▶ _Data below_
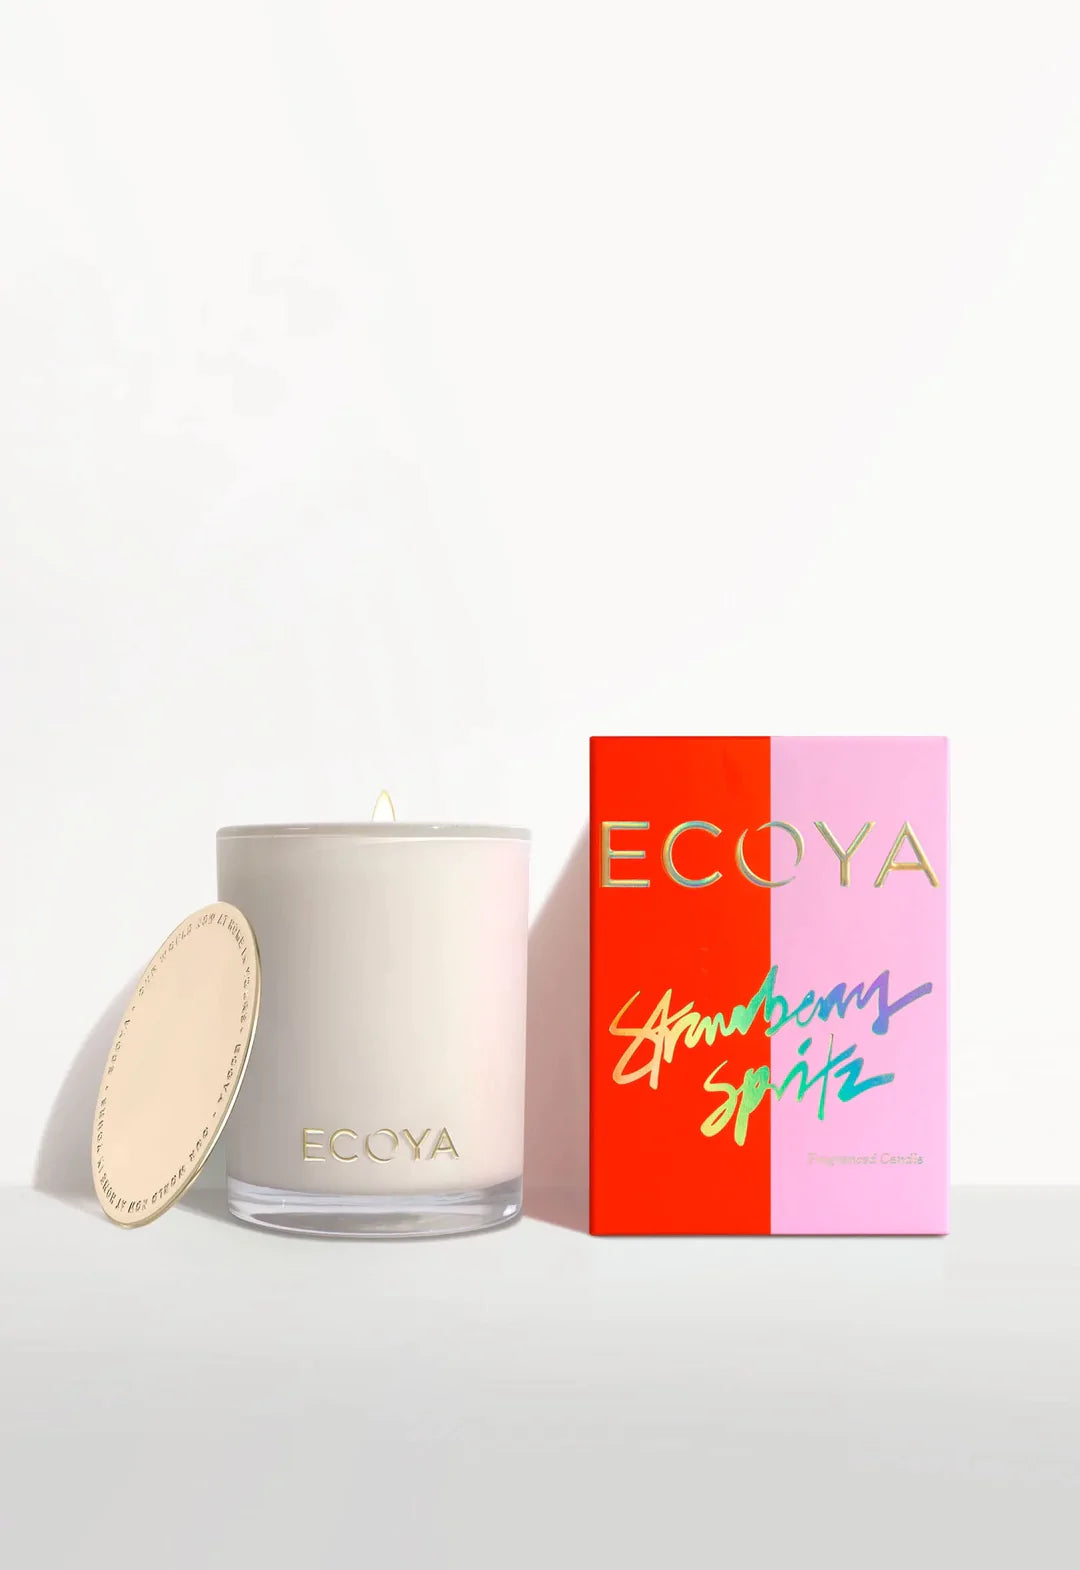 Posy Bag & Ecoya Candle Gift Package & Vase
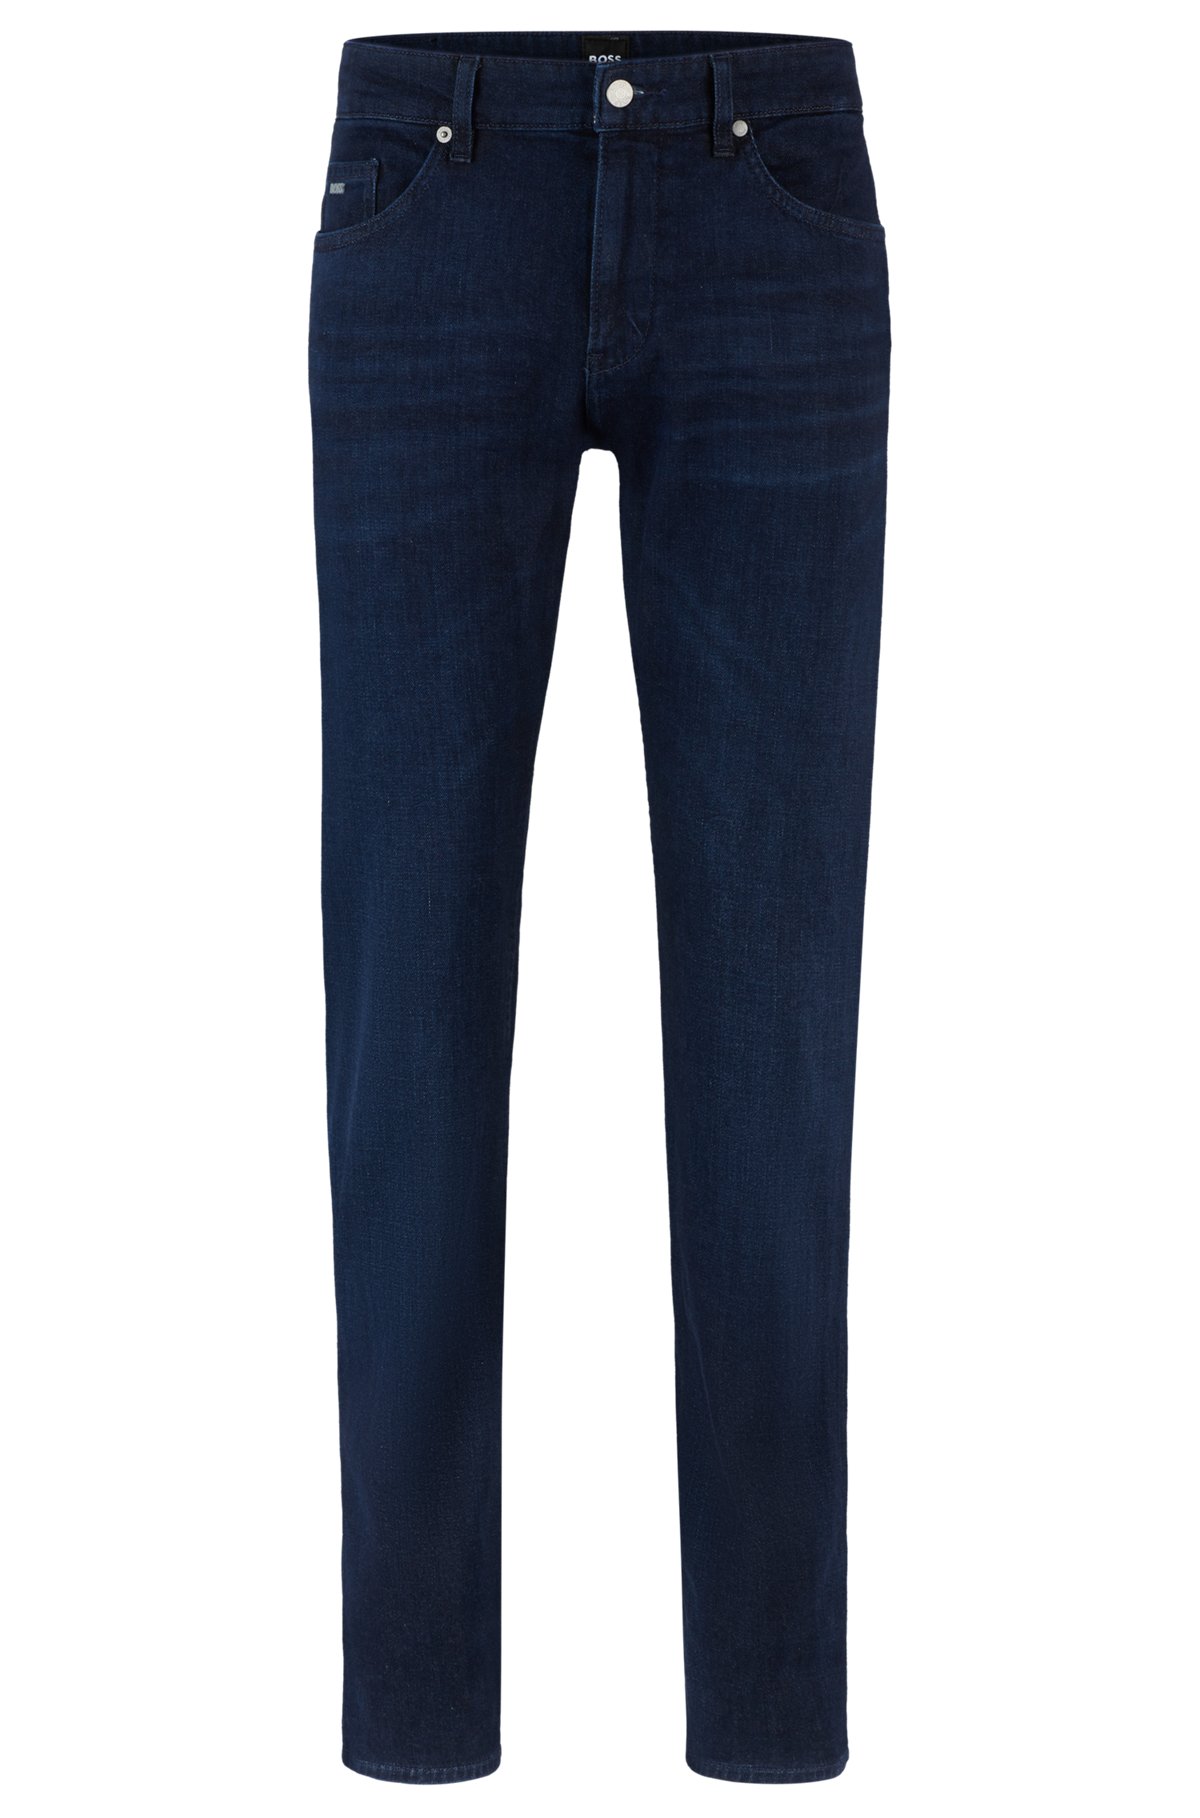 Hugo Boss Delaware 3 Jeans Top Sellers | website.jkuat.ac.ke
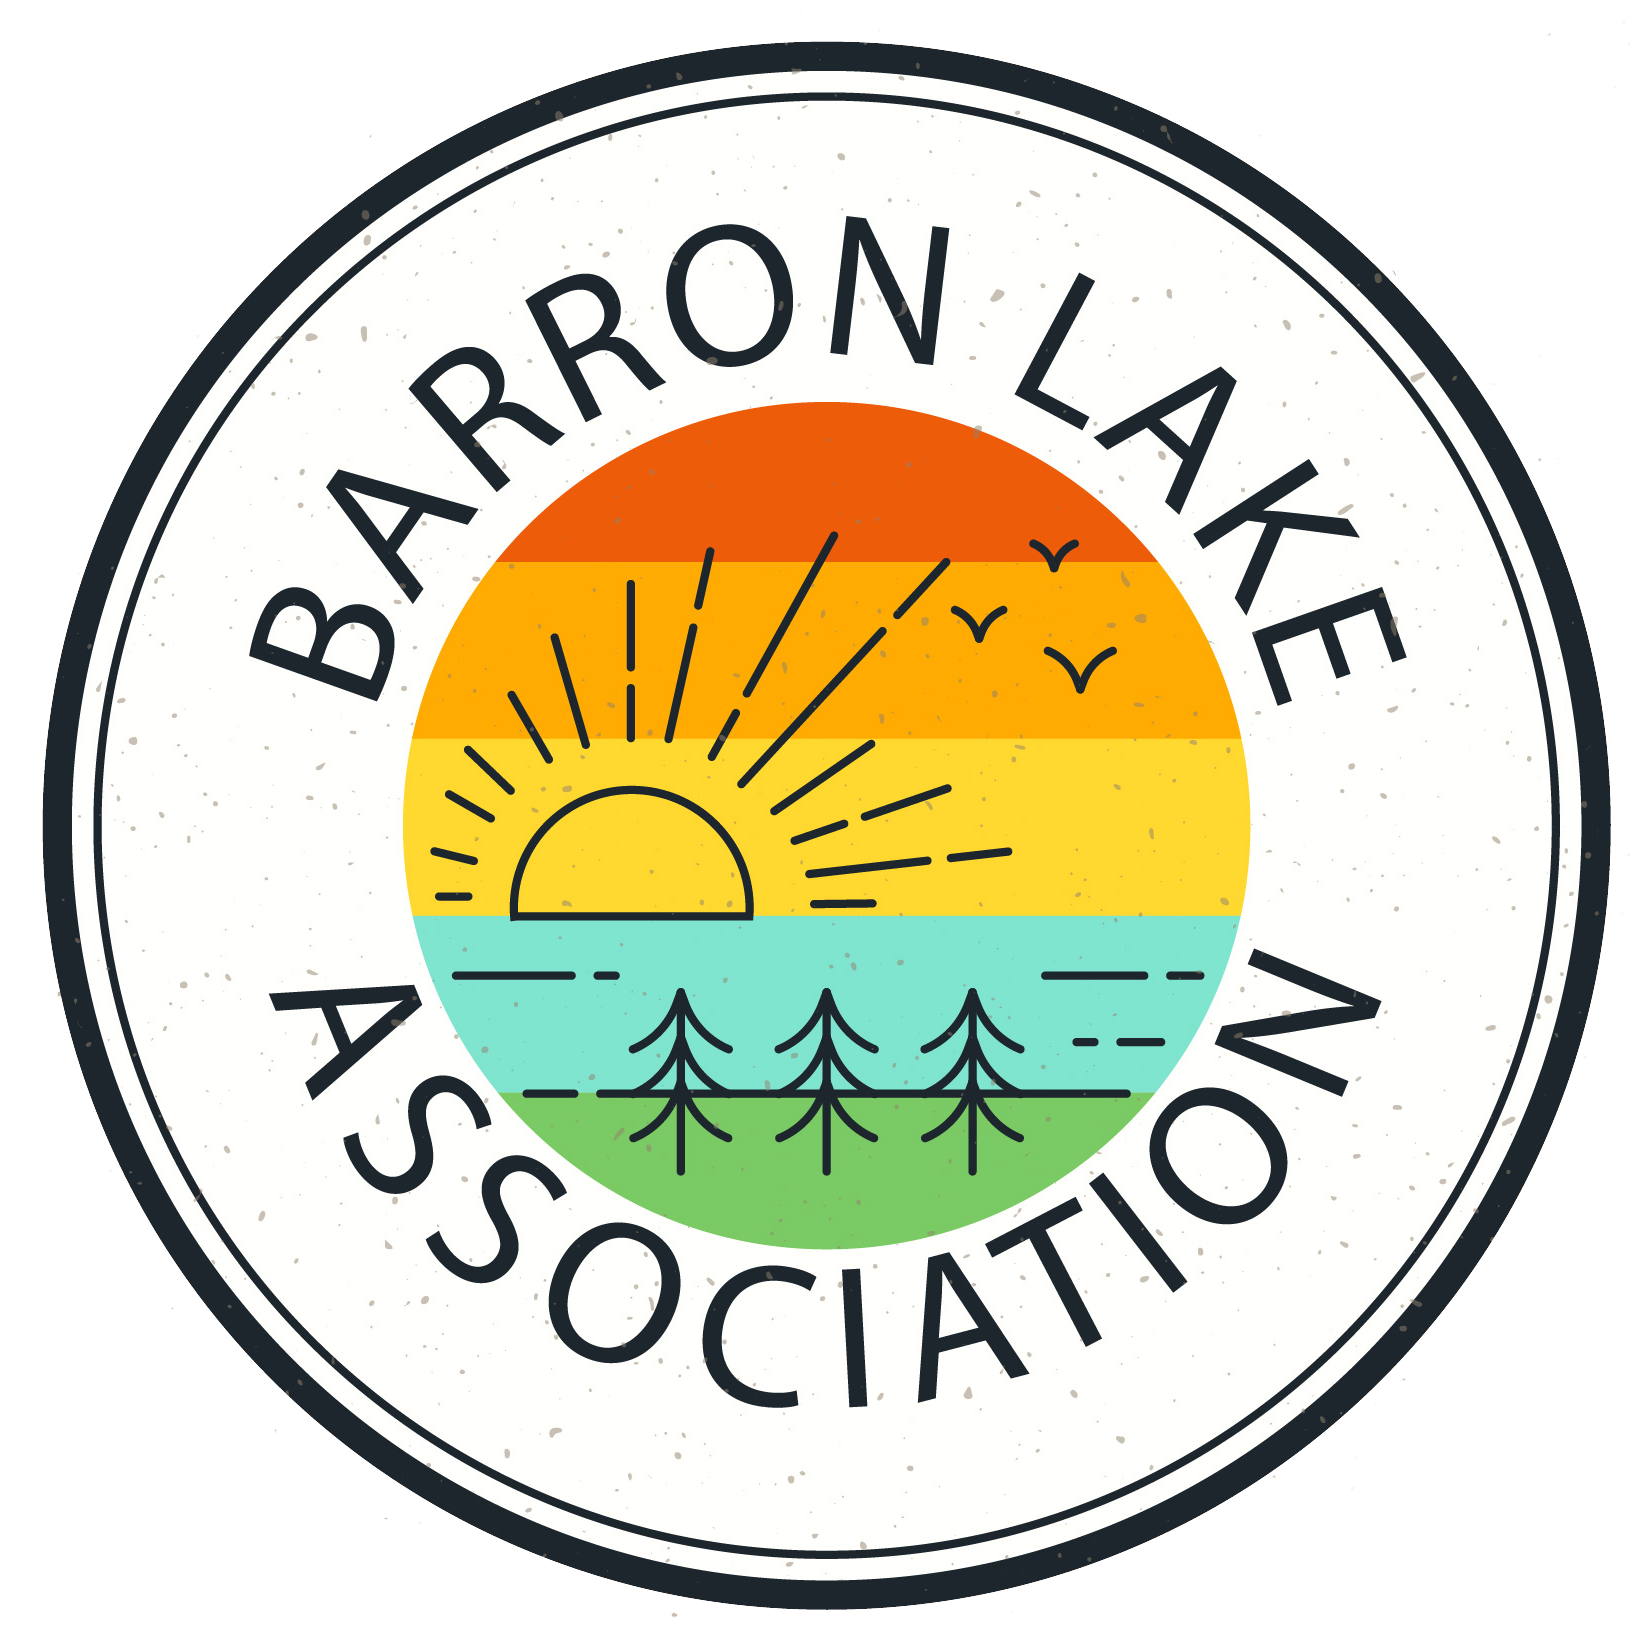 Barron Lake Association

▶ _Task instructions_
Restate the data above word for word. Do not include the images.

▶ _Output for this task_
 Posy Bag & Ecoya Candle Gift Package & Vase
 Hugo Boss Delaware 3 Jeans Top Sellers | website.jkuat.ac.ke
 Barron Lake Association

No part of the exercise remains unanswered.